Task description | Only the pictures are to be left out; return the rest of the data exactly as it stands.

Data below |
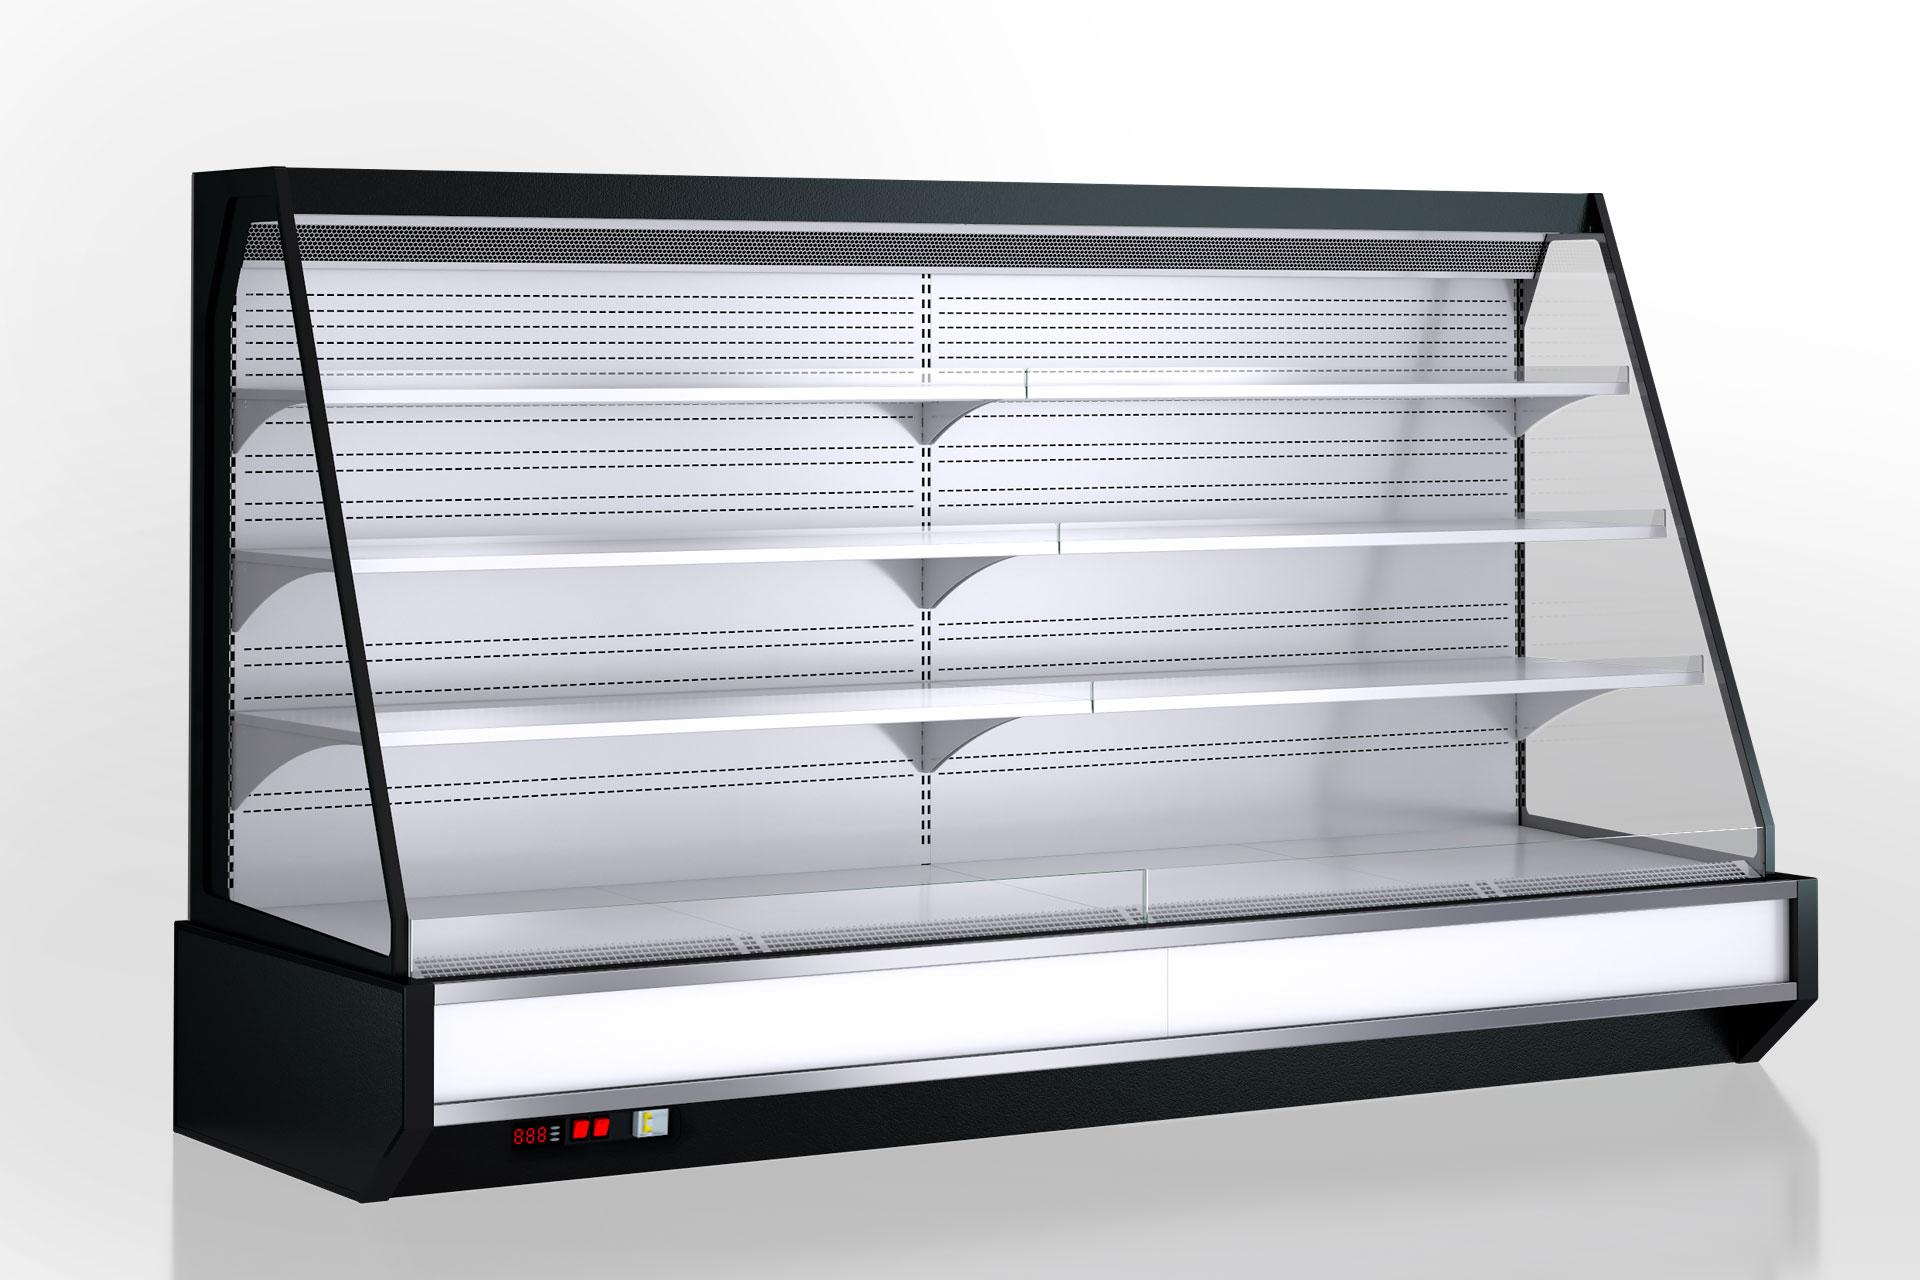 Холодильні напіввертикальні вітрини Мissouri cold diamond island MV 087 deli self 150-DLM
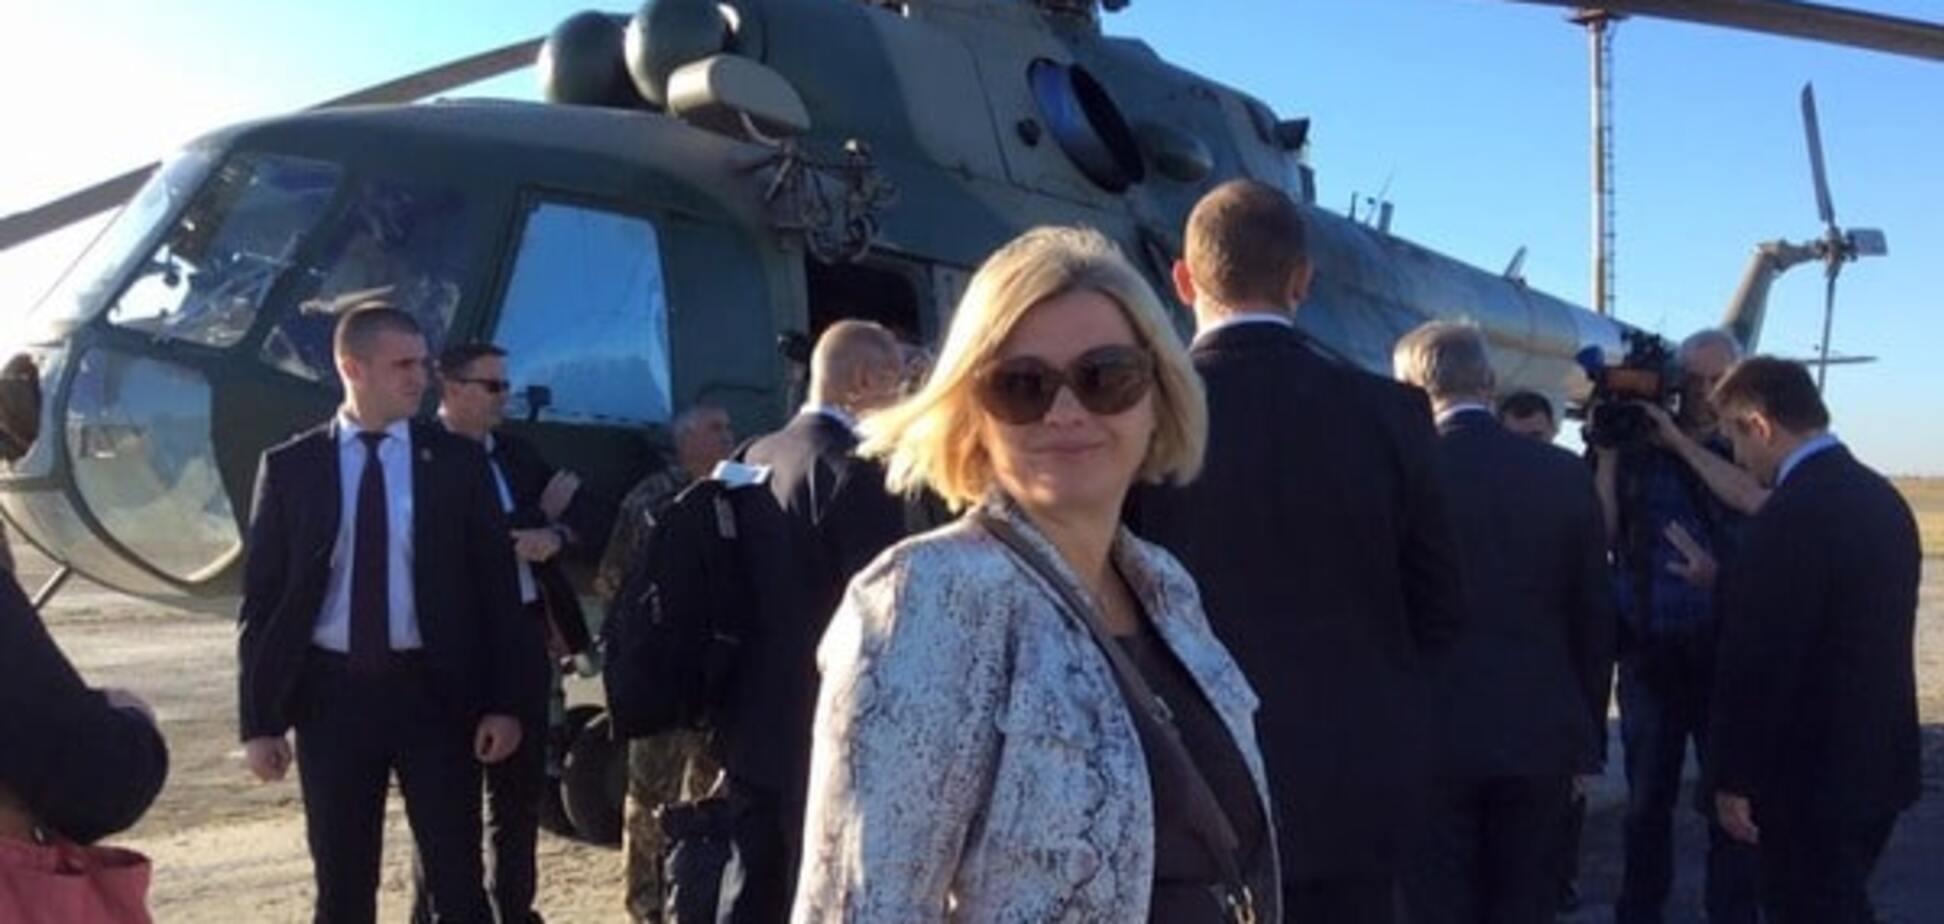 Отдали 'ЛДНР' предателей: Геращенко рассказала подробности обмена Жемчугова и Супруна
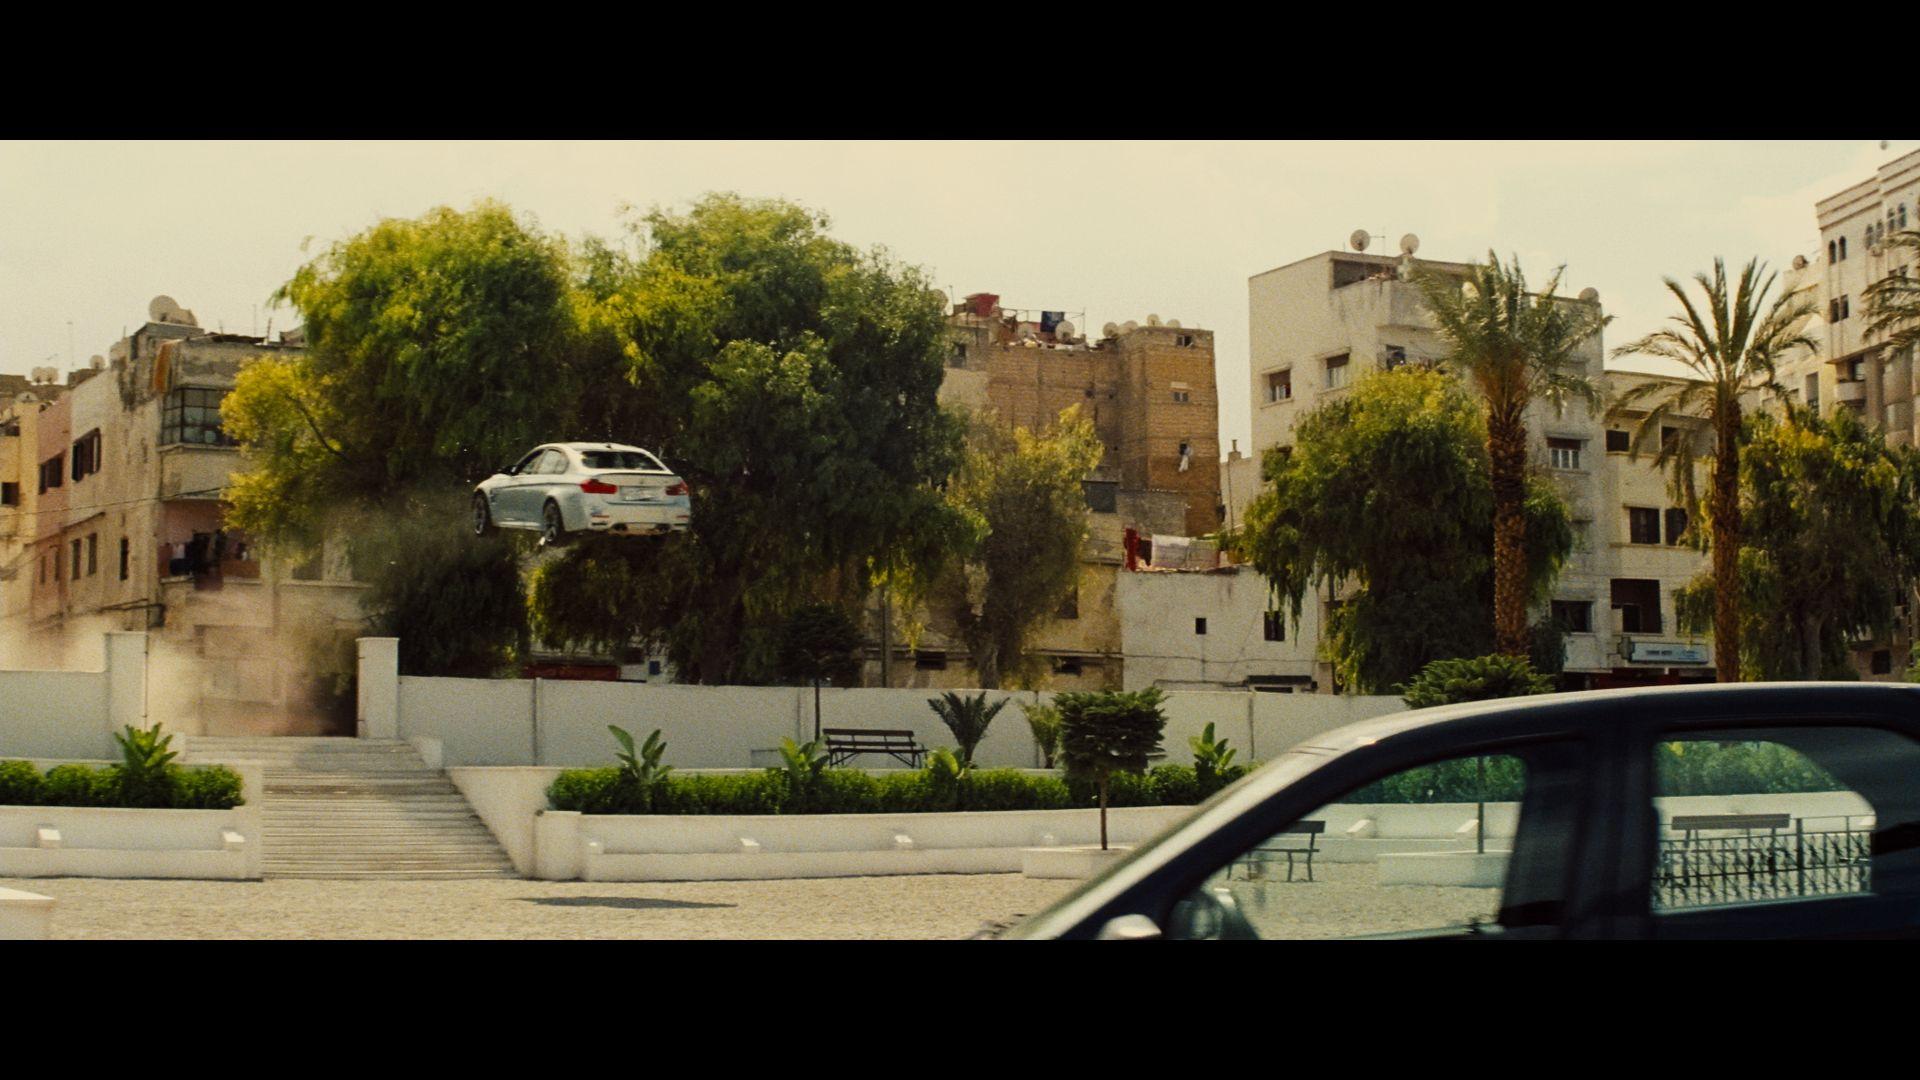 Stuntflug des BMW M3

Output |
 Холодильні напіввертикальні вітрини Мissouri cold diamond island MV 087 deli self 150-DLM
 Отдали 'ЛДНР' предателей: Геращенко рассказала подробности обмена Жемчугова и Супруна
 Stuntflug des BMW M3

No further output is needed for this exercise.